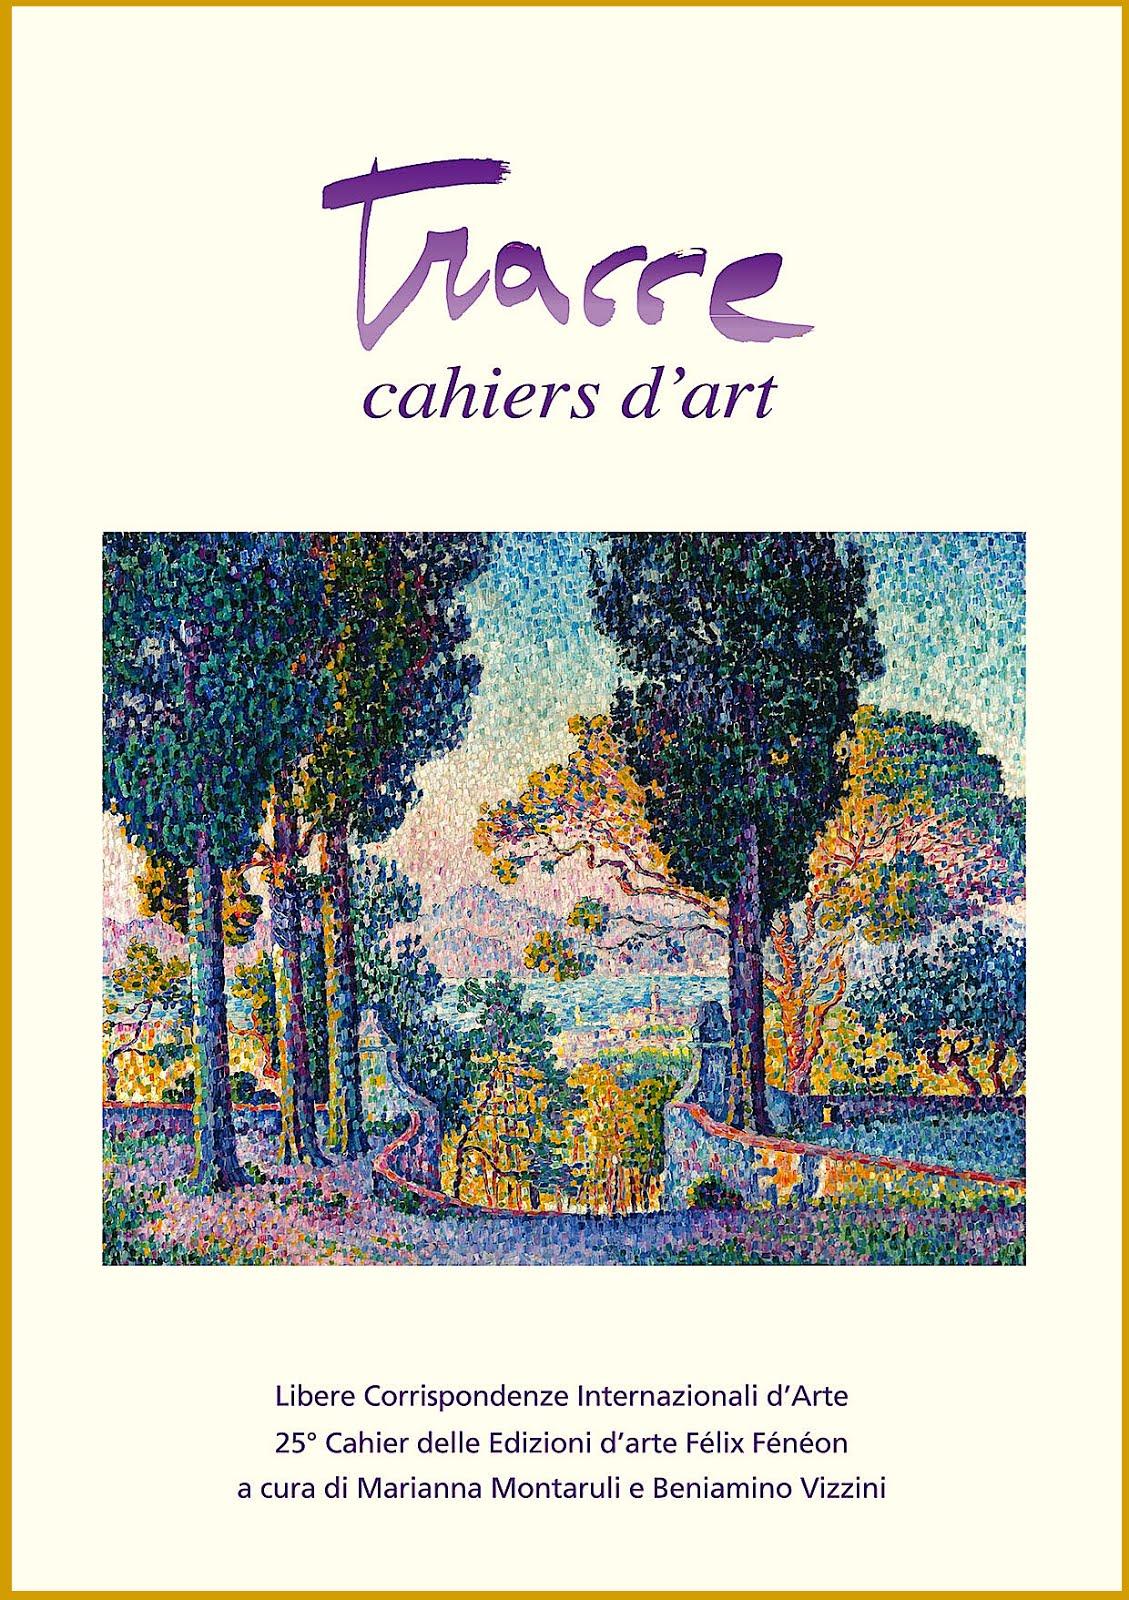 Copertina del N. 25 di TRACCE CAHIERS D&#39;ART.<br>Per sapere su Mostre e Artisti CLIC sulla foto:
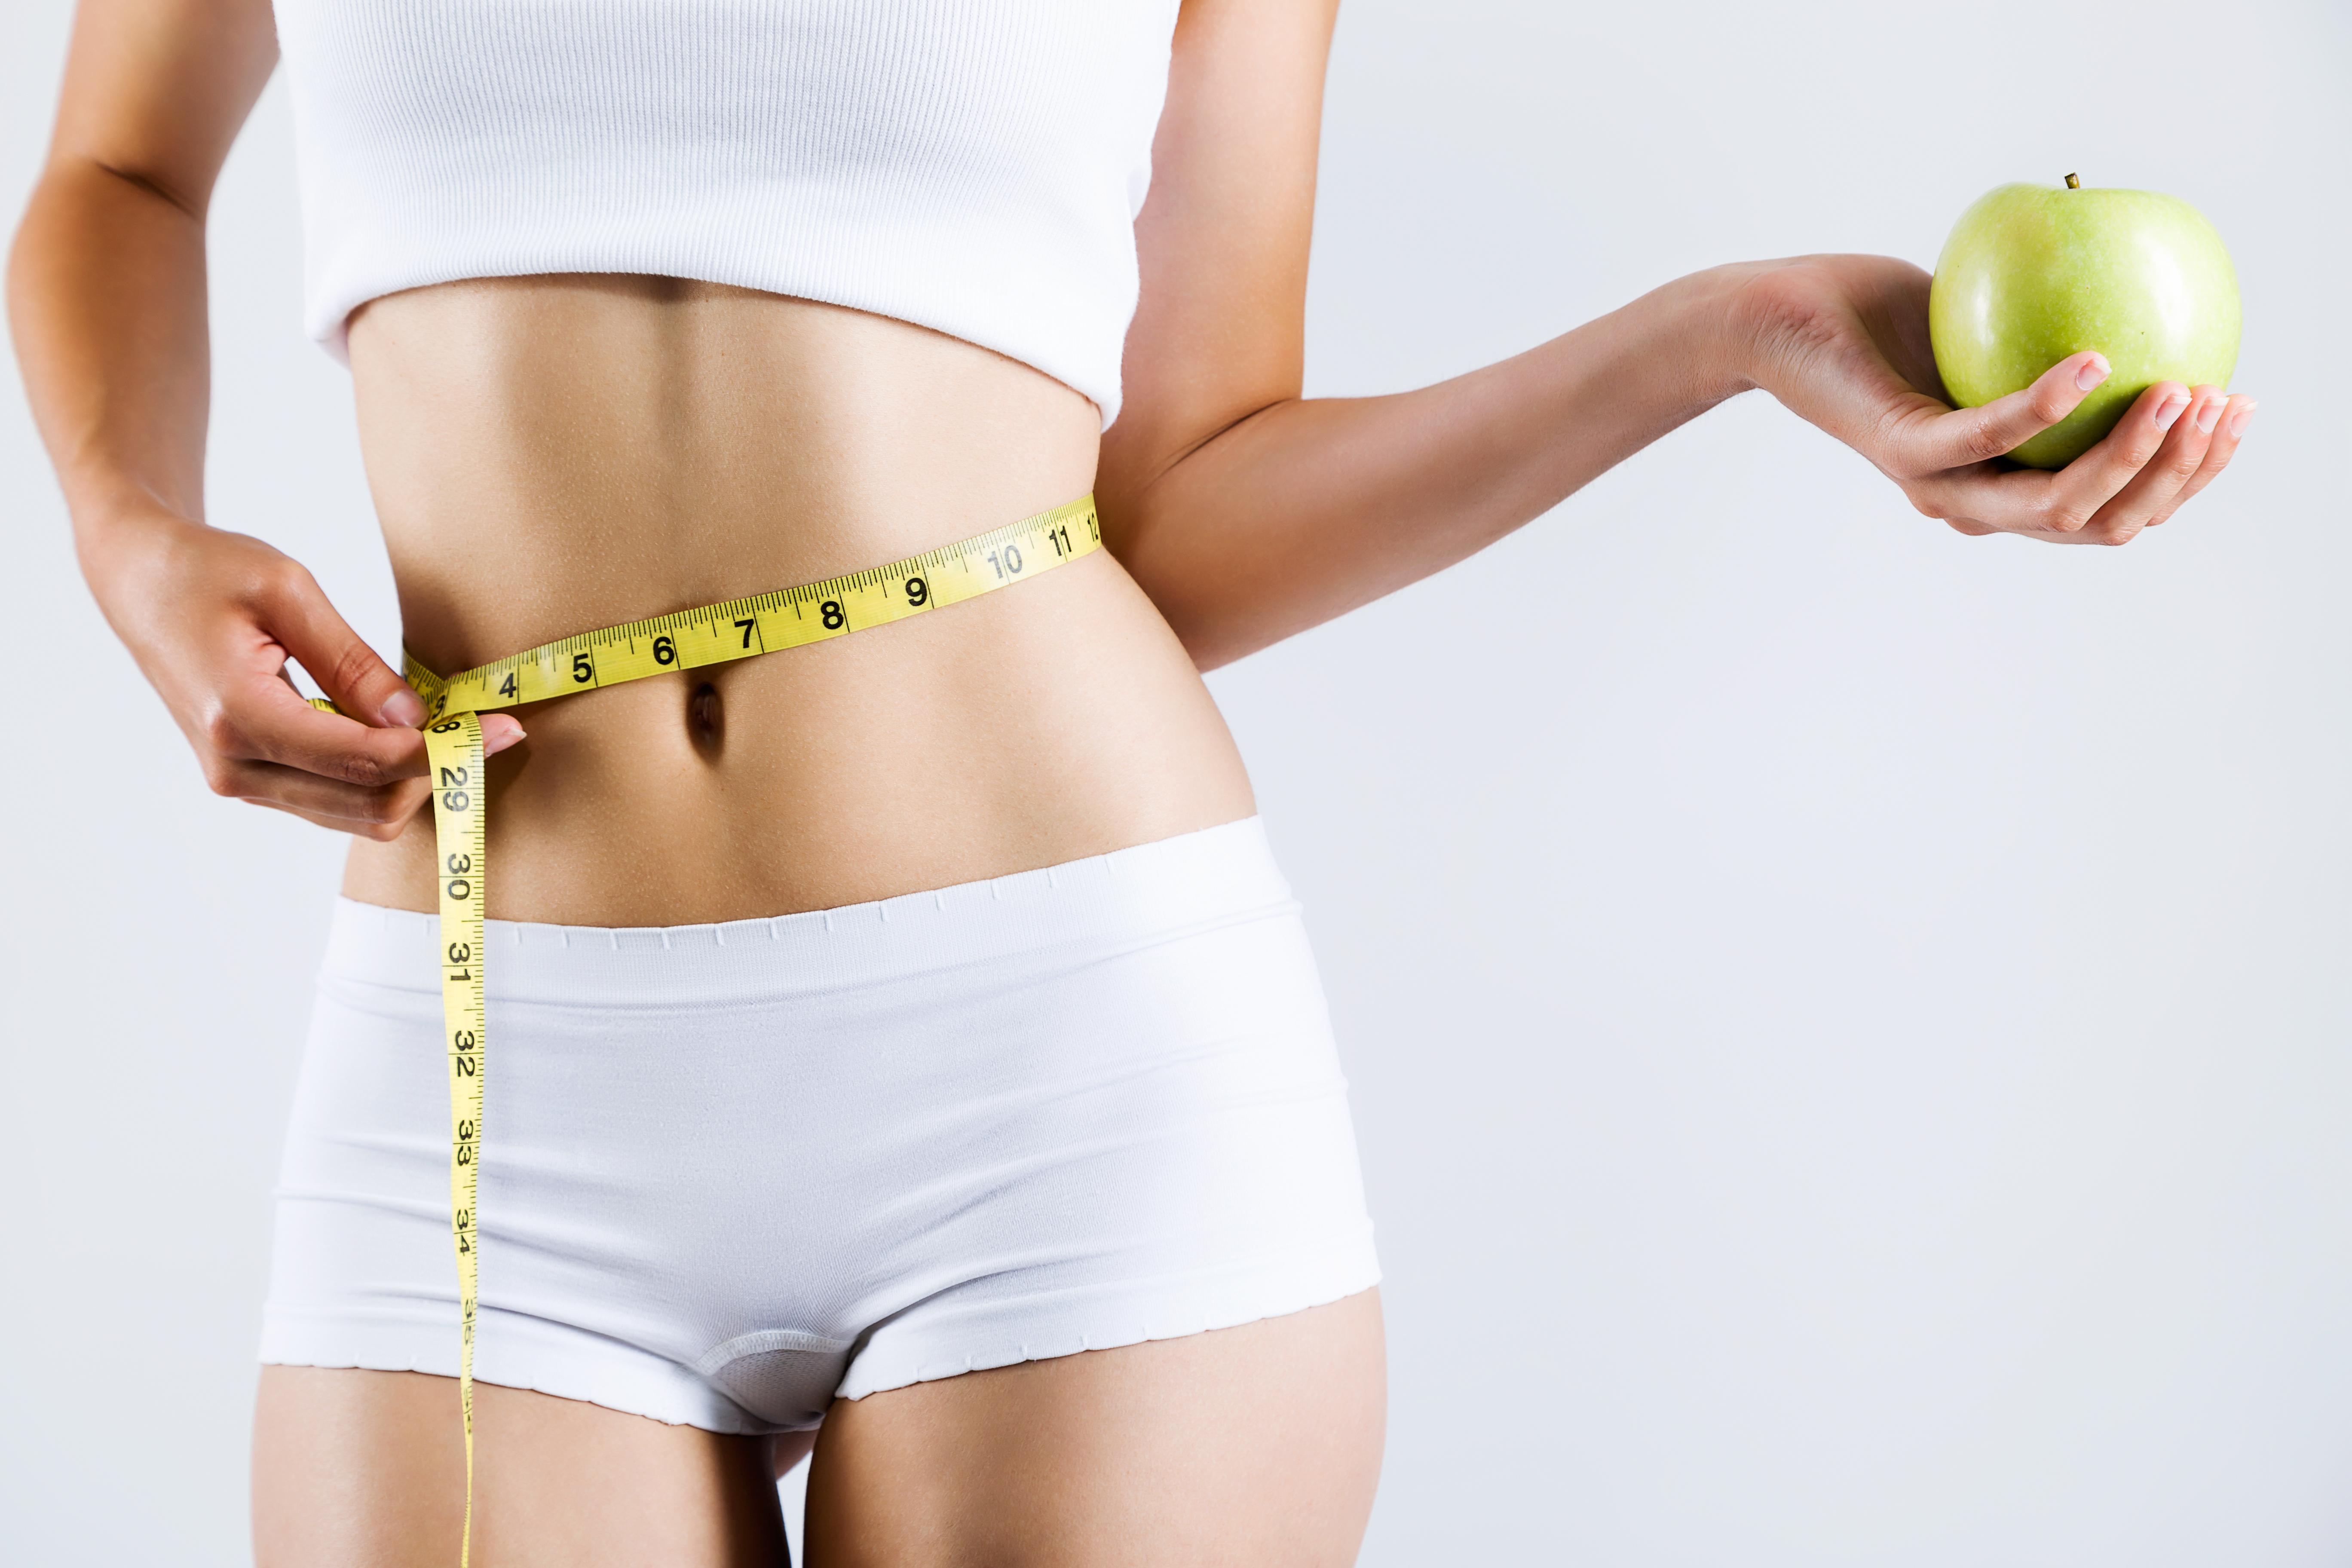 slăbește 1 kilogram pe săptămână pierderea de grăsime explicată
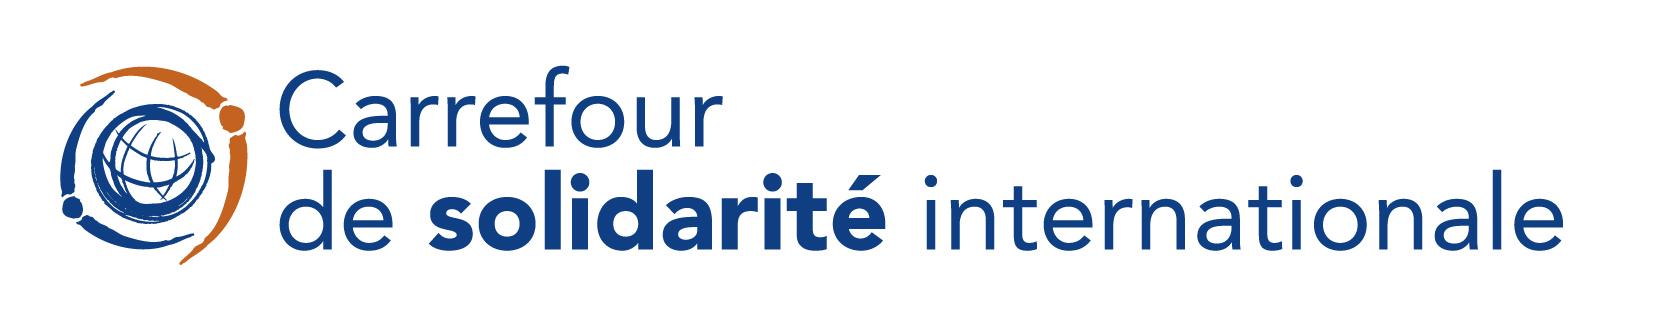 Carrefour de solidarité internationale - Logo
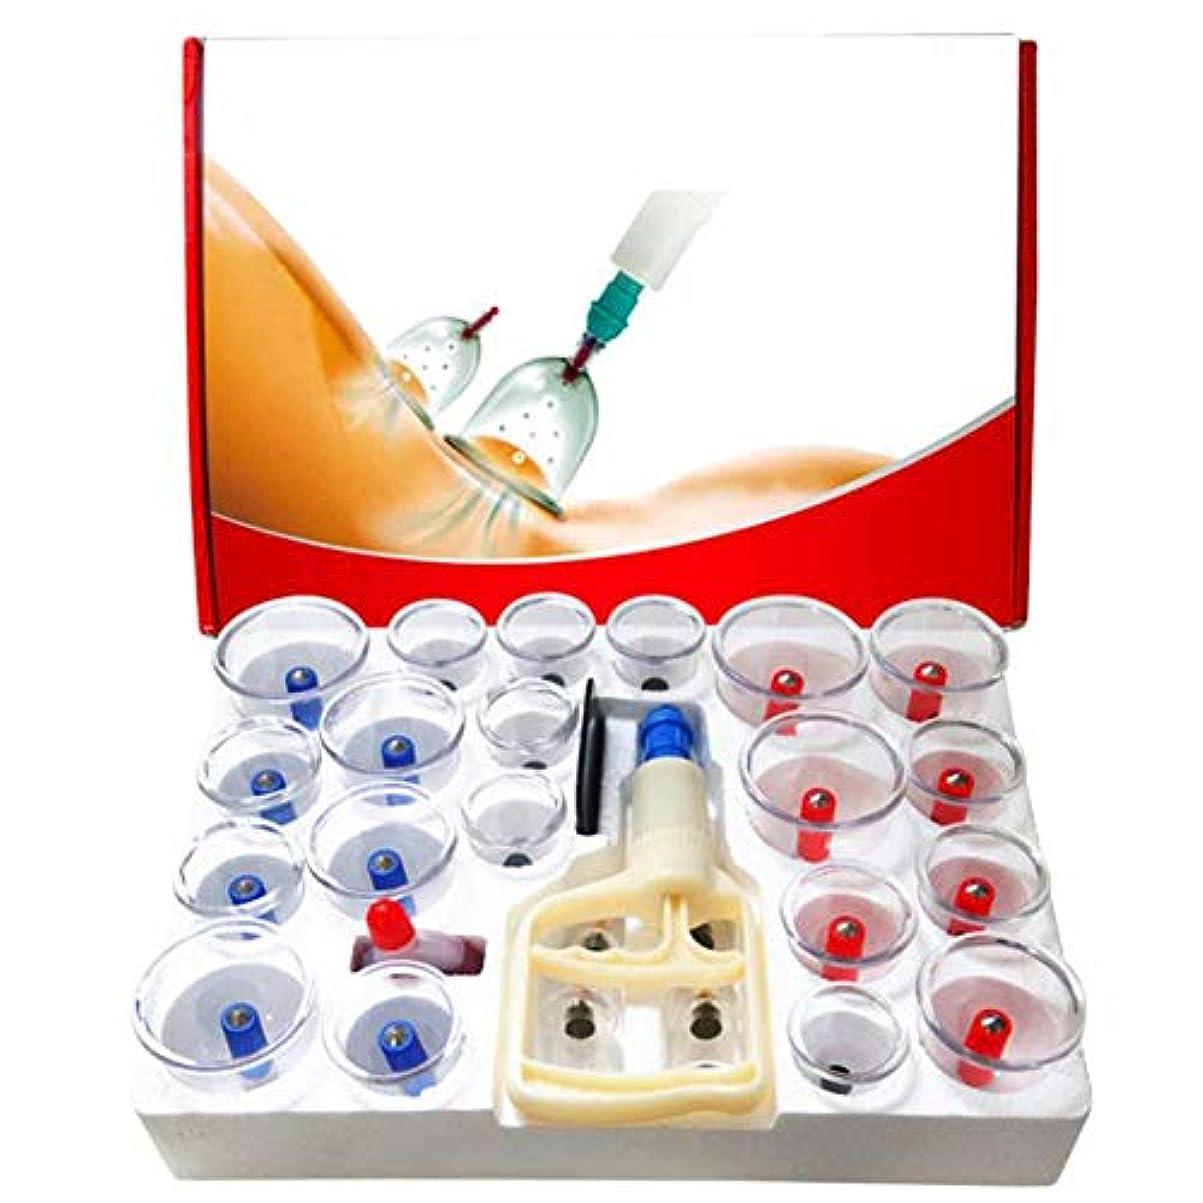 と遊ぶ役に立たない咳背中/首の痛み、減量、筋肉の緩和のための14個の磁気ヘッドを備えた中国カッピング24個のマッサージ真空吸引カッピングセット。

What the task asks →
The data above must be written out again without alteration, and the pictures in them must be excluded.

Task answer →
 Copertina del N. 25 di TRACCE CAHIERS D&#39;ART.<br>Per sapere su Mostre e Artisti CLIC sulla foto:
 slăbește 1 kilogram pe săptămână pierderea de grăsime explicată
 Carrefour de solidarité internationale - Logo
 と遊ぶ役に立たない咳背中/首の痛み、減量、筋肉の緩和のための14個の磁気ヘッドを備えた中国カッピング24個のマッサージ真空吸引カッピングセット。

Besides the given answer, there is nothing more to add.